The tariff, calculated based on Guyana’s growing trade surplus with the U.S., particularly due to oil exports, had raised concerns about its potential impact on Guyanese exports. However, Dr. Jagdeo reminded that Guyana has secured a 90-day reprieve on the 38 percent reciprocal tariff, offering critical breathing room for negotiations.
“We’re very pleased that President Trump has announced the U.S. is prepared to engage with countries on this matter,” the Vice President stated. “We have already signalled to the U.S. government our interest in holding discussions, and we are optimistic about emerging from these talks in a better position.”
Jagdeo further explained the distinction between two separate tariffs currently in play. A 10 percent general tariff is now in force on all goods entering the United States, affecting all trading partners equally. “That does not put our exporters at a disadvantage,” he noted. “If the Dominican Republic exports bananas and we export bananas, both pay 10 percent. So, it cancels out the competitive gap.”
However, he warned that had Guyana been subject to the 38 percent reciprocal tariff—while others paid only 10 percent —it would have created a severe imbalance. “This is why the 90-day reprieve is so important,” he said, stressing that the government is working to ensure a favourable outcome.
While expressing optimism, Jagdeo acknowledged that the outcome of the negotiations remains uncertain. “Our surplus with the U.S. is largely driven by oil exports from American-based companies. That’s why we believe we have a strong case and are hopeful about the talks.”
In parallel, the government is engaging with local exporters to explore possible measures to cushion any adverse effects from the tariff, should it remain in place. “We’ve discussed using the tax system to support exporters, and we’ll continue those consultations. The government is taking this matter seriously and remains committed to safeguarding the interests of the export sector,” Jagdeo added.
On Monday, the Government of Guyana engaged local private sector exporters, with Vice President Dr. Bharrat Jagdeo leading high-level talks aimed at preserving the country’s export competitiveness in the American market.

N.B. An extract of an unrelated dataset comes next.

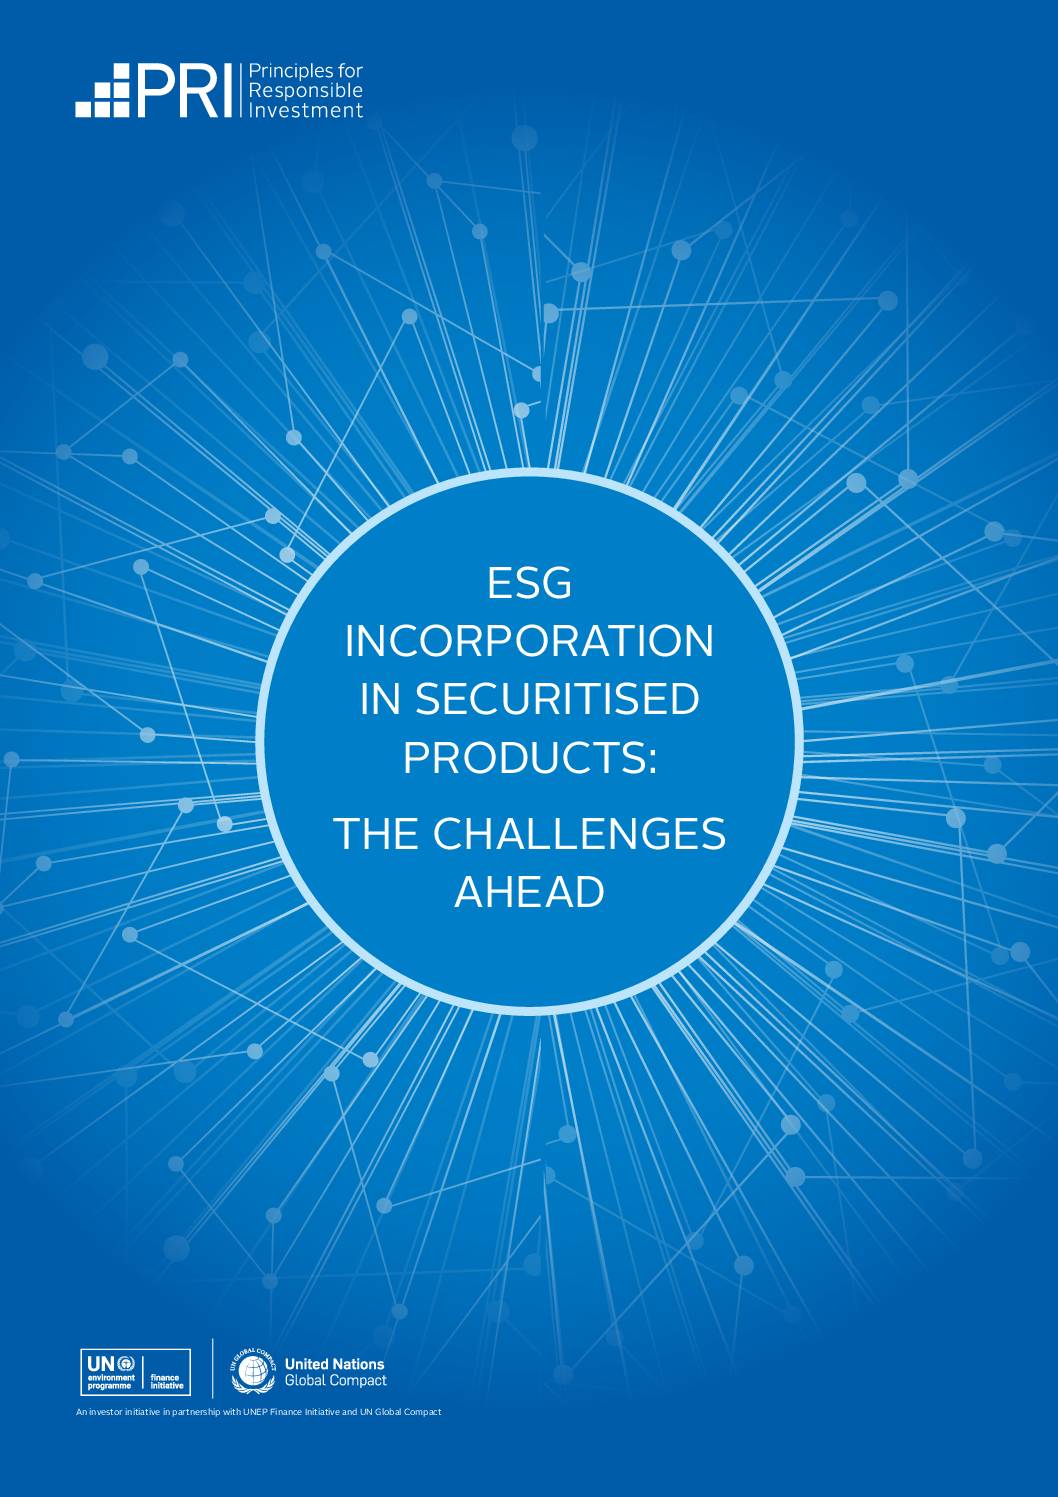 ESG Incorporation in Securitised Products: The Challenges Ahead

The meeting included representation from the Private Sector Commission (PSC), the Georgetown Chamber of Commerce and Industry (GCCI), and the Guyana Manufacturing and Services Association (GMSA).
Additionally, Senior Minister in the Office of the President with responsibility for Finance and Public Service, Dr. Ashni Singh and Minister of Agriculture Zulfikar Mustapha were in attendance, underlining the cross-sectoral approach being taken to mitigate potential impacts on trade, agriculture, and manufacturing.

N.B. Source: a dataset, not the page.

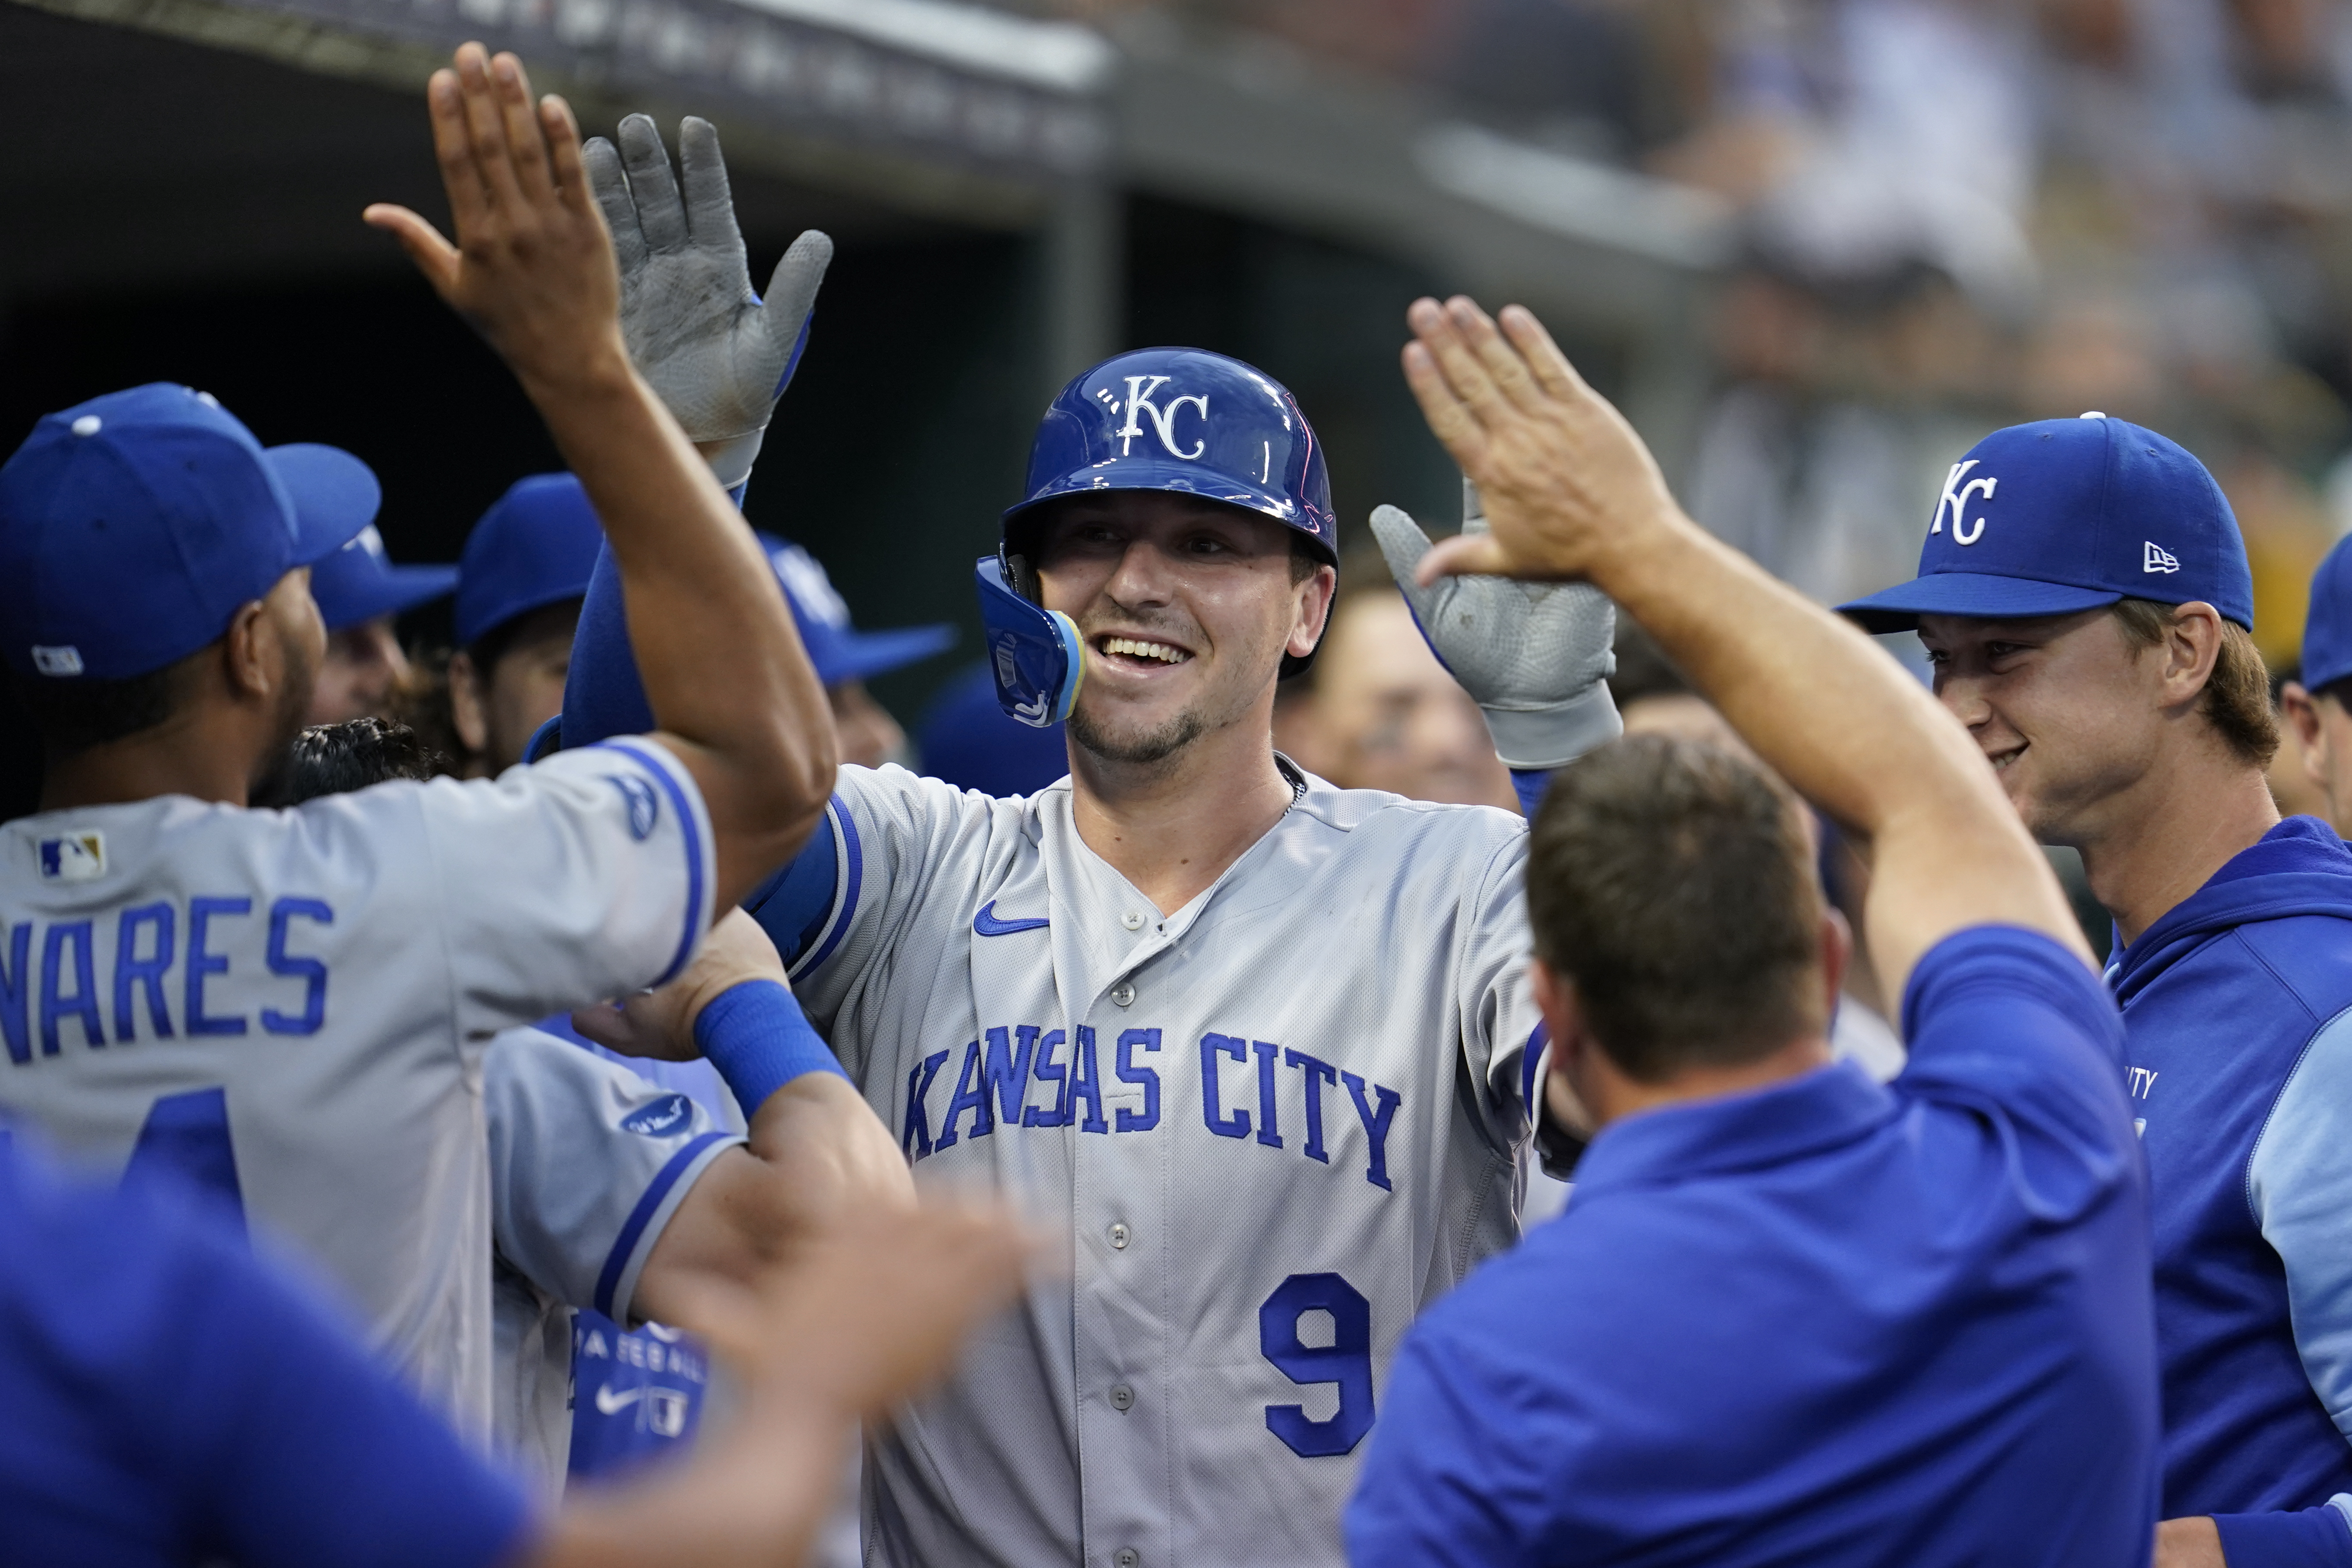 Royals 1B Vinnie Pasquantino expected to miss remainder of season

Guyana is one of the hardest-hit Caribbean nations under the new U.S. tariff structure, facing a reciprocal tariff rate of 38 percent—a figure reportedly linked to discrepancies in trade data between the two nations.
The US’ reciprocal tariff carries exemptions on certain products including the top three commodities that Guyana exports to the North American nation.
Based on an Annex to the Executive Order signed by President Trump, instituting various percentages of tariffs for countries around the world, petroleum crude, aluminium ore and gold are exempted.
According to the Vice President, these are the highest exports to the US, with figures from 2024 showing that crude export totalled US$3.1 billion, aluminium US$36.9 million and gold US$16.6 million.
Other major exports to the North American country are fish at US$19 million, molasses, sugar and honey at US$8.7 million, alcoholic beverages at US$6.5 million, measuring/checking instruments at US$5 million, and fish at US$3.1 million.
In 2024, Guyana reported that it exported US$3.3 billion in products to the US while importing US$2.56 billion, leading to a surplus of $799 million. But the US report to UN Comtrade shows that Guyana exported US$5.5 billion in products to the US and imported only US$1.3 billion, leading to a surplus of over US$4 billion.
Based on calculations, this excessive trade surplus, which has only been in recent years, was used to calculate the tariffs.
“Clearly, there is room for us to work with the US partners to clarify this information… We want to point out to the United States of America, because we have good import data, that we are importing much more from the [US] than what is reported by the US to the UN Comtrade system,” Jagdeo said.
The Vice President noted that a revision of these figures could lead to a “significant reduction” in the trade surplus. This could potentially see a reduction on the 38 percent tariff instituted on Guyana’s exports to the US.